L’obbligazione delle 5 P nei
confronti delle donne dovrebbe consistere in un vincolo giuridico tra donna e
Stato con lo scopo di realizzare e garantire le seguenti azioni: Promuovere una
cultura che non discrimini le donne; Prevenire, con misure idonee, la violenza
maschile sulle donne; Proteggere le donne che vogliono fuggire dalla violenza
maschile; Perseguire i crimini commessi nei confronti delle donne;Procurare un
risarcimento, non solo economico, alle vittime di violenza. L’ultima normativa
in materia di violenza di genere c.d. legge sul femminicidio (d.l. 14 agosto2013, n. 93, conv., con mod., dalla l. 15 ottobre 2013, n. 119) ha introdotto
nel settore del diritto penale sostanziale e processuale una serie di misure,
preventive e repressive, per combattere la violenza contro le donne per motivi
di genere. Senza prevedere, però, la fattispecie del reato di femminicidio ma
normalizzando le nozioni di “violenzadomestica” (o violenza intrafamiliare) e di “violenza assistita”(quando i
minori assistono ad episodi di violenza in danno di figure familiari di
riferimento come per esempio i genitori o i fratelli).
La mancata previsione di
un reato specifico di femminicidio (o femicidio), come espressione della
violenza di genere che produce la morte della donna per mano maschile presenta evidenti
difficoltà connesse alla tipizzazione del fatto punibile. Non è agevole infatti
tradurre in una formula dai contorni ben definiti il movente dell’autore
(uccisione di una donna a causa della sua condizione di donna) espresso con un
concetto di tipo sociale ogniqualvolta
l’uomo ricorra alla violenza ogniqualvolta ravvisi la necessità di riaffermare il proprio
potere sulla donna, e provarlo in casi concreti. La determinatezza dei
presupposti della responsabilità penale pretende una descrizione precisa della
condotta di chi uccide una donna “in quanto donna”, dovendola poi
necessariamente differenziare dalle uccisioni di donne con movente diverso.

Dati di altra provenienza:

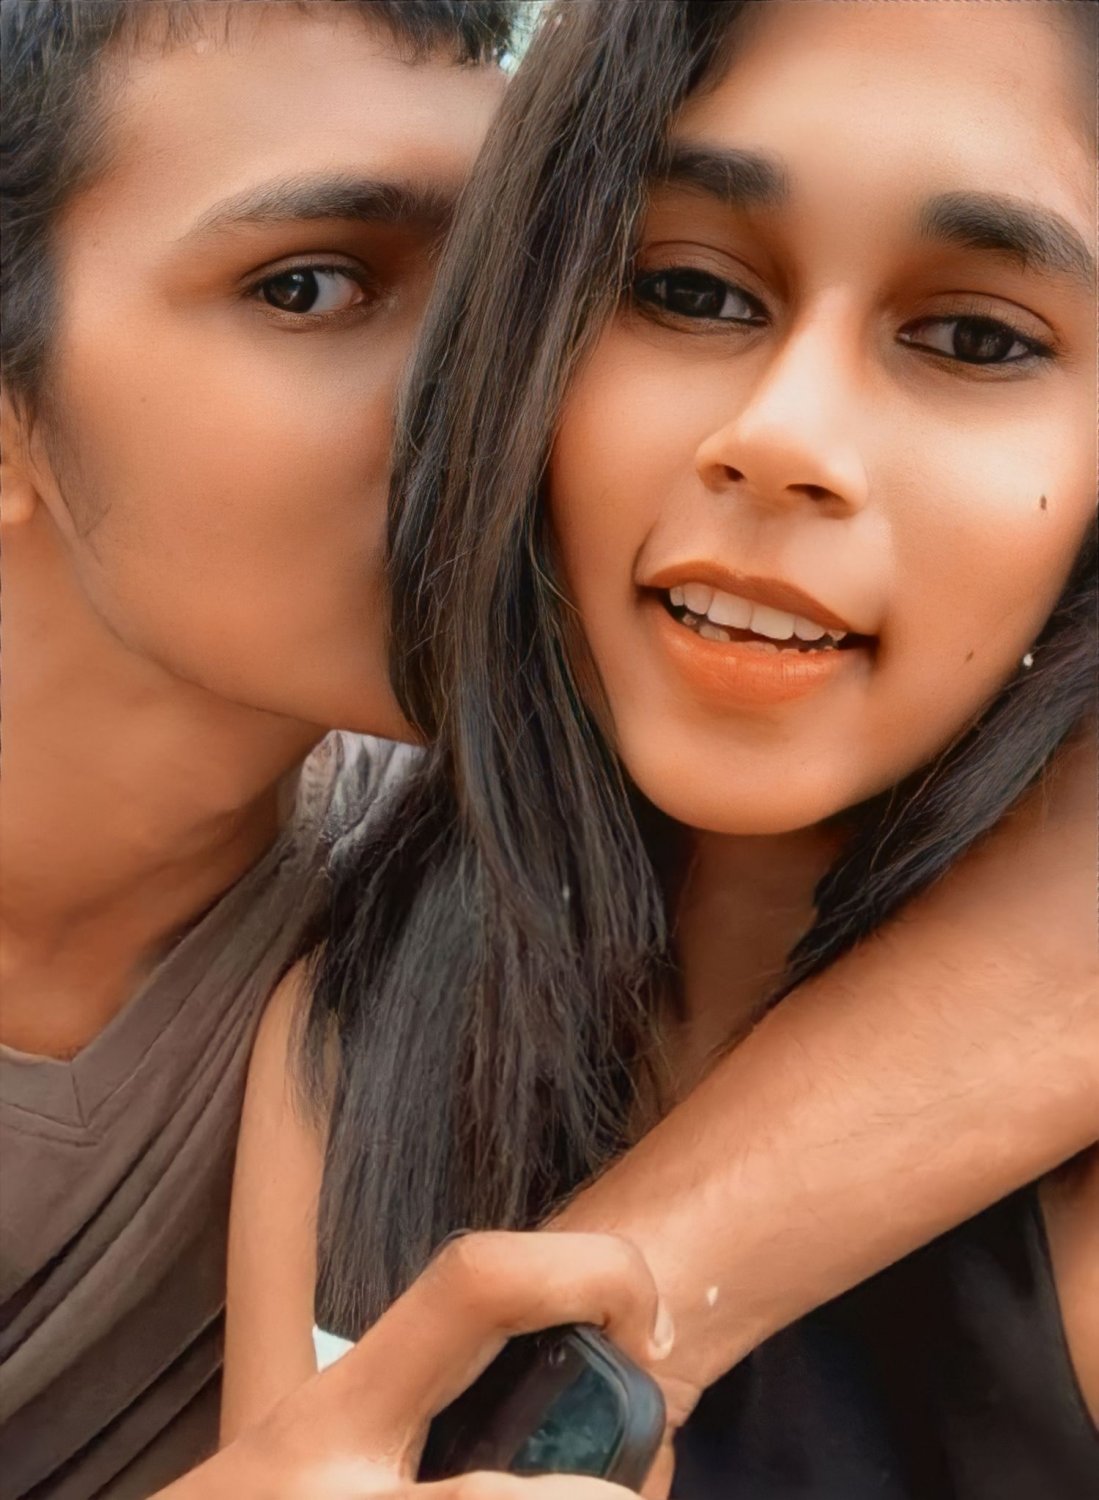 Horney Indian Girlfriend Having Fun with Boyfriend Videos photo photo picture

Questi larghi margini di incertezza dei criteri di imputazione oggettiva e
soggettiva della fattispecie da incriminare come femminicidio, e da formulare
con elementi propri che vanno al di là del sesso della vittima, ricostruibili
nella prassi solo in termini ipotetici e congetturali, soprattutto per quanto
riguarda il movente dell’autore, descritto come “movente di genere”.
Tuttavia, questa
previsioni permanendo nell’ambito di protezione della donna legata o già legata
al suo aggressore da un rapporto affettivo, rischierebbe di tipicizzare solo i c.d. “femminicidi
intimi” (realizzati da un uomo in danno di una donna durante o al termine di
una relazione sentimentale), lasciando fuori una tipologia di violenze che non
si limitano ai rapporti di tipo affettivo ma a tutt’altro tipo di relazioni,
come, per esempio l’omicidio dei clienti o degli sfruttatori in danno delle
prostitute. La previsione di una fattispecie ad hoc di femminicidio, autonoma e
più grave rispetto a quella di omicidio, in funzione di maggior tutela della
donna, a parte le segnalate difficoltà di tecnica legislativa, pone inquietanti
interrogativi di legittimità costituzionale, oltre che di opportunità, in
ragione della violazione dell’uguaglianza formale del bene vita per l’omicidio
dell’uomo e della donna. Il diritto penale rimane (e deve rimanere) neutrale
rispetto ai sessi. E’ vero che in taluni casi l’applicazione uniforme del
diritto è una delle molte facce che può assumere la discriminazione. In realtà,
dietro l’atteggiamento di chi propone uno “statuto penale speciale” per le
donne, o un “diritto penale della differenza” connotato dal genere femminile
del soggetto passivo che miri a riconoscere alle donne maggiore protezione di
quella degli uomini in relazione ai reati che si collocano nell’area della
violenza maschile verso il genere femminile, c’è una visione di una società
sessista e patriarcale cui, consapevolmente o inconsapevolmente, aderisce.
La
lotta per porre fine alla violenza maschile sulla donna è incompatibile con
l’idea di un diritto penale al femminile, di un regime “speciale” di protezione
penale delle vittime in ragione del genere al quale appartengono. Tutta
l’attenzione deve essere rivolta all’azione di mobilitazione delle coscienze
per trasformare modi di pensare e istituzioni costruite sull’assunto
dell’inferiorità femminile e per modificare la realtà sociale ancora
organizzata su una bipartizione di generi che avvantaggia gli uomini e mantiene
le donne discriminate o escluse. E per invertire la rotta la risposta deve
essere, anzitutto, politica, con l’obiettivo di ricostruire un patto sociale
tra donne e istituzioni dello Stato.